The control scheme consists of one button to attack, one to evade, one to utilise Focus, one to fire and abother to jump, giving rise to a basic yet deceptively deep amount of control over Neo. The fighting is dominated by usage of the triangle button for normal attacks and circle button for special attacks. The special attacks are basically openers and allow you to branch out, choosing which skill or move to use next. A lot of the time, the action is so hectic that it's easy to lose yourself and this is where the main problem (if you allow it to be a problem) arises.

Too often will you be forced into button bashing. The sheer number of enemies on screen that attack, the constant threat of guns aimed at you by sharpshooters in the distance and the burning need to kill everything as quickly as possible will encourage you to hammer away at the triangle in order for you to move onto the next unfortunate victim. With this method, occassionaly you'll pull of a cool finishing blow or end with the camera spinning around as you break a policeman's neck with your foot but you'll never really see what Neo can do to his full extent.

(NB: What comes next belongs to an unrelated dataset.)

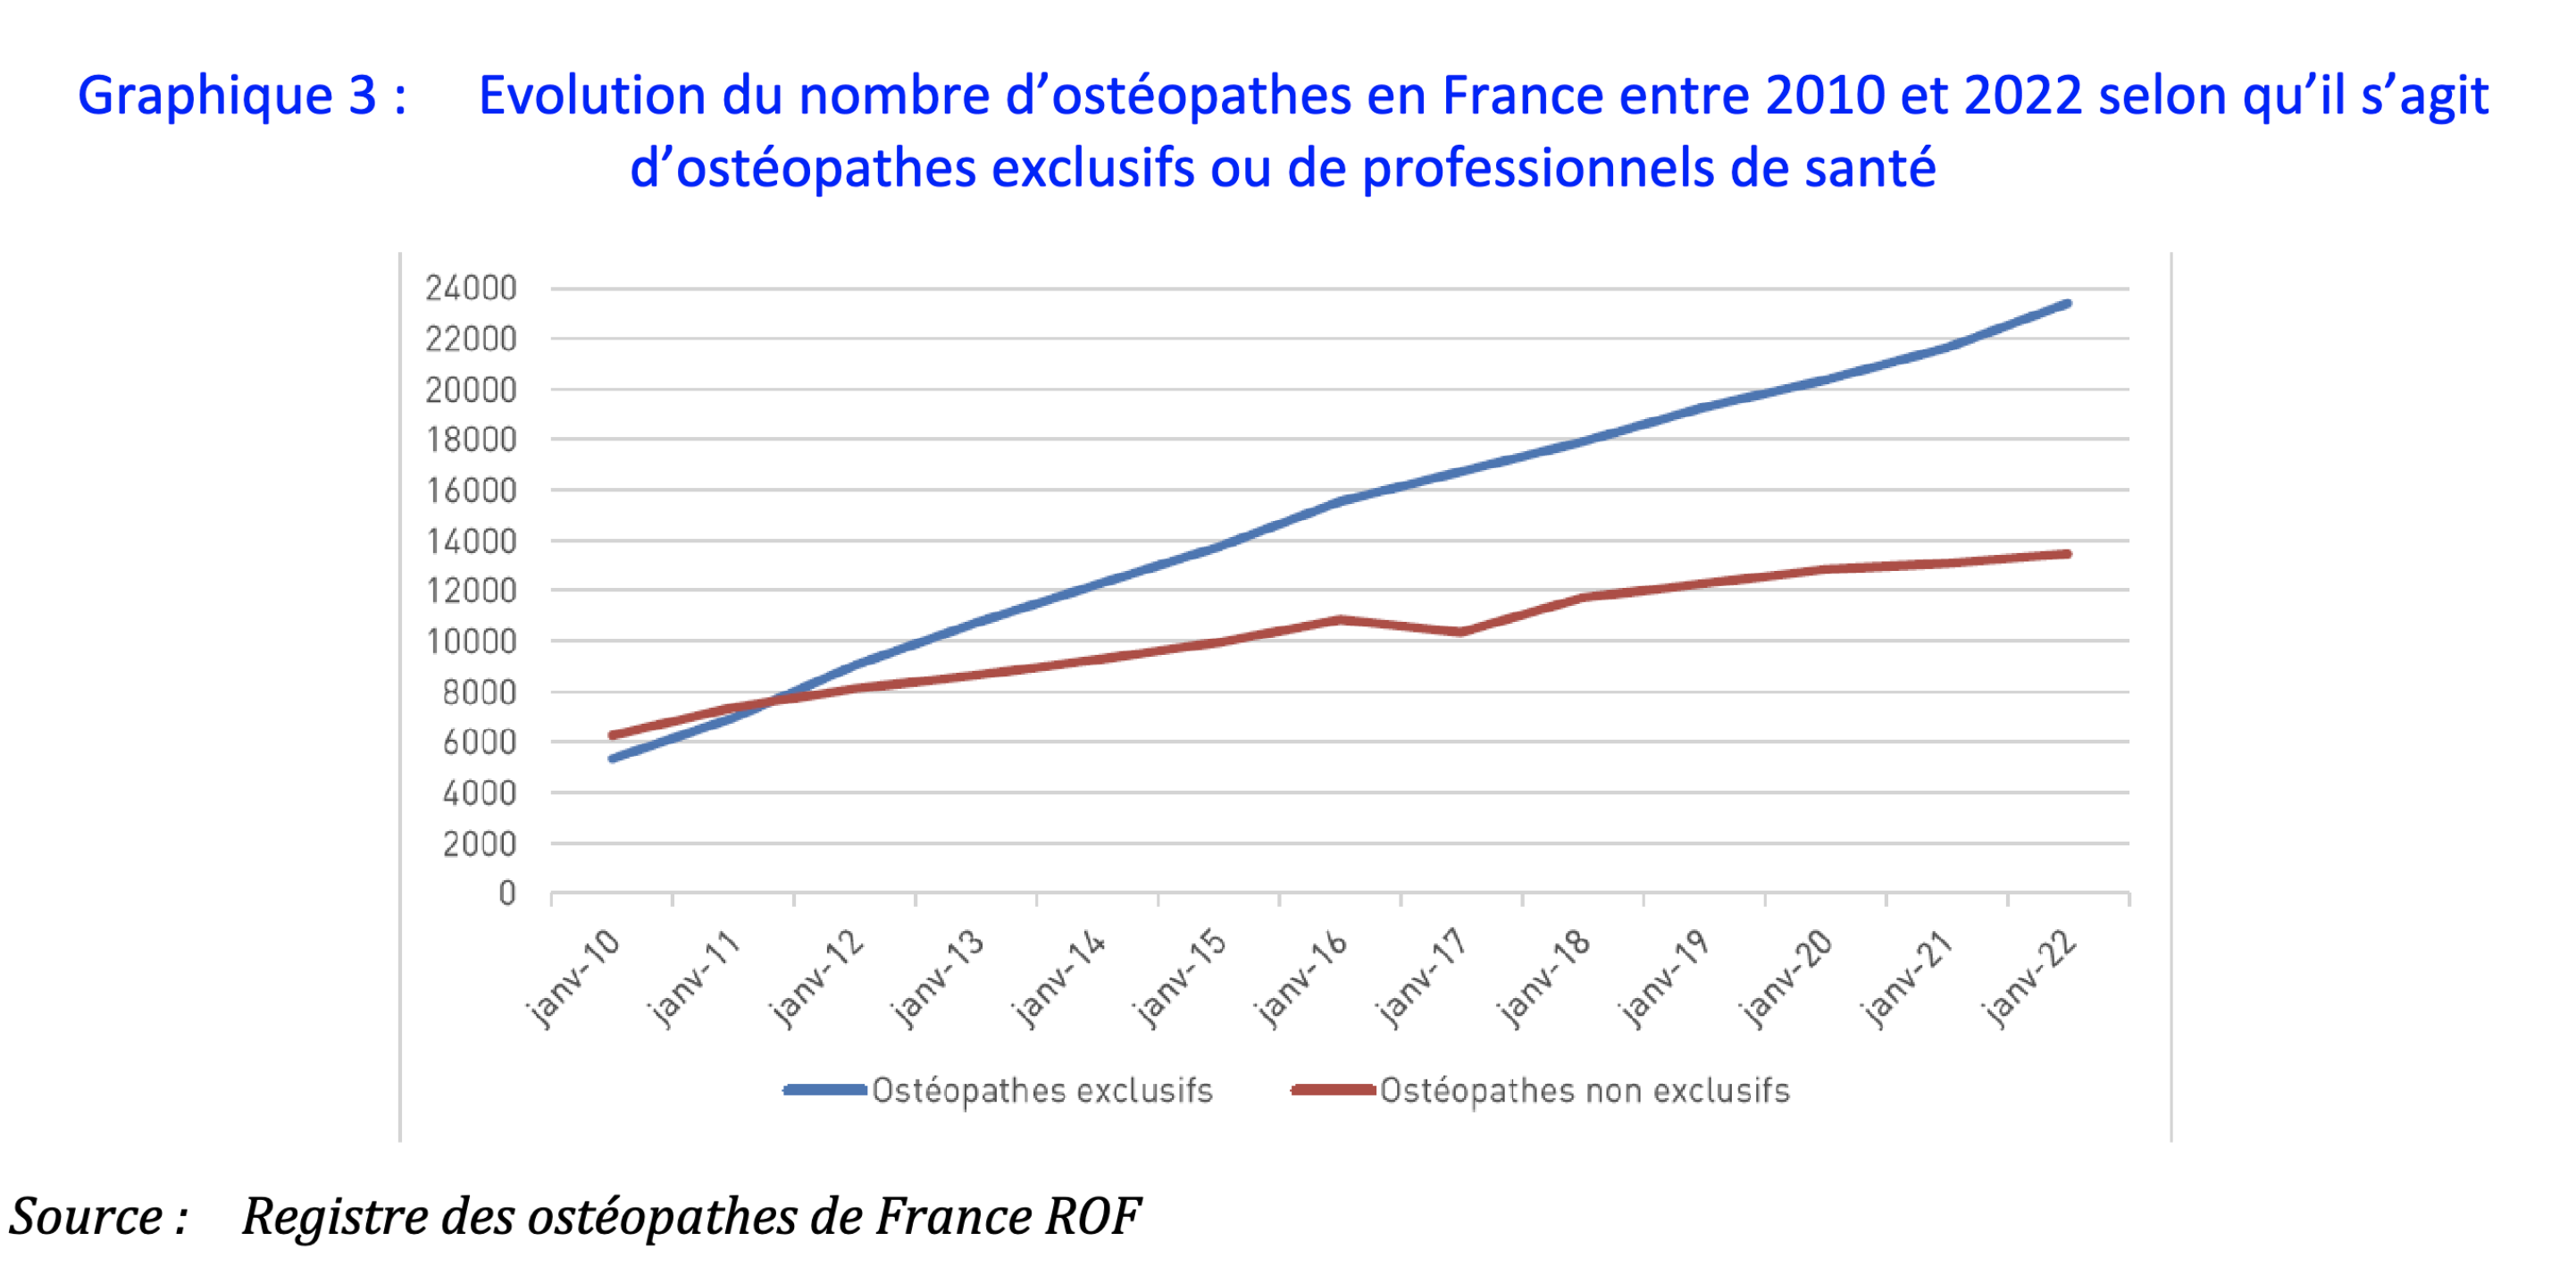 Évolution du nombre d’ostéopathes en France entre 2010 et 2022 selon qu’il s’agit d’ostéopathes exclusifs ou de professionnels de santé

If you take a moment to slow down, to calm yourself and to actually make an effort to understand the fighting system, then you'll get so much more out of it than a simple button masher. The combos branch out into so many different techniques and a lot of them have their uses. For instance, if you're surrounded you can attempt the 360 Tornado Throw which sees Neo holding his victim by the ankles, swinging them around as if they weighed nothing. This effectively clears the immediate area around Neo and gives you a chance to breathe. Point to remember though - You can only get to the 360 Tornado Throw by catching an opponent in the air. To do that, you have to earn an an upgraded 7 hit combo which launches on the last hit. Button mashing will get you there by chance, but if you actually press the button and wait for the next move to begin before pressing it again you'll feel yourself that you have a higher degree of control and much more confident about pulling the move off. Once you become used to it, it becomes instinctive and you'll notice a higher rate of success in pulling it off.

TM:PON includes the ever important Focus button, essentially triggering Bullet Time once pressed. You can simply hold it down and watch in glee as you'll pull off a different combo with different finishers, but once again if you learn to use it accordingly, then there's so much more that can be done with it. Instead of holding down the focus button from the beginning of the combo, you can hit it halfway through and this opens up different moves and finishers. With 7 hits in the opening combo, that means there are 7 opportunities to hit the focus button and even then, you can link on from a finisher to another finisher and if you have enough focus left, even continue and go for complete overkill! Those overkills are best used on lowly security guards. The fat ones. Why? Because the rag doll physics just mean that there's so much satisfaction in giving a hundred-foot-kick (in mid air) that you don't find in other games. Other uses for the Focus button include the ability to jump higher and further, to go from lowly evade rolls and spins to flipping somersault dodges, wall running and victim-vaulting.

- Easy pick up and play
- Hefty, fleshed out storyline with never before seen footage
- Sub-missions and bonus objectives provide longevity
- Multiple choices, you can replay the stage if you die, but you can also accept defeat and progress to the next stage, affecting the outcome of the story
- Rewarding fighting system; The more you put in, the more you get out
- An absolute treat for Matrix fans

- Can be short if you rush through it
- Encourages button bashing
- Awkward jumping sections (thankfully not many of these at all)
- Guns are no longer on par with martial arts and don't have nearly as much depth when used
- It's all been done before and by some games, to a better degree
- Unbalanced fighting system - If you know what you're doing and you do it well, then virtually you're unstoppable. It's possible to take on literally 3 agents backed by a team of SWAT and not get touched


If you're a fan, you'll love it in big doses. It manages to hook you right back in there and it gives new depths to a story we're already familiar with. If you're a passing action game fan, then you'll enjoy it for the imaginative moves, sleek gunplay and enjoyable cutscenes.
Worth buying? If you bought Enter the Matrix on a whim and was disappoined, then this is the game for you. If decide to wait to see what people say about this game, then you'll receive mixed reviews. Worth renting? I'd say no. The game's too large to finish on a rental (if you want to get the most out of it that is).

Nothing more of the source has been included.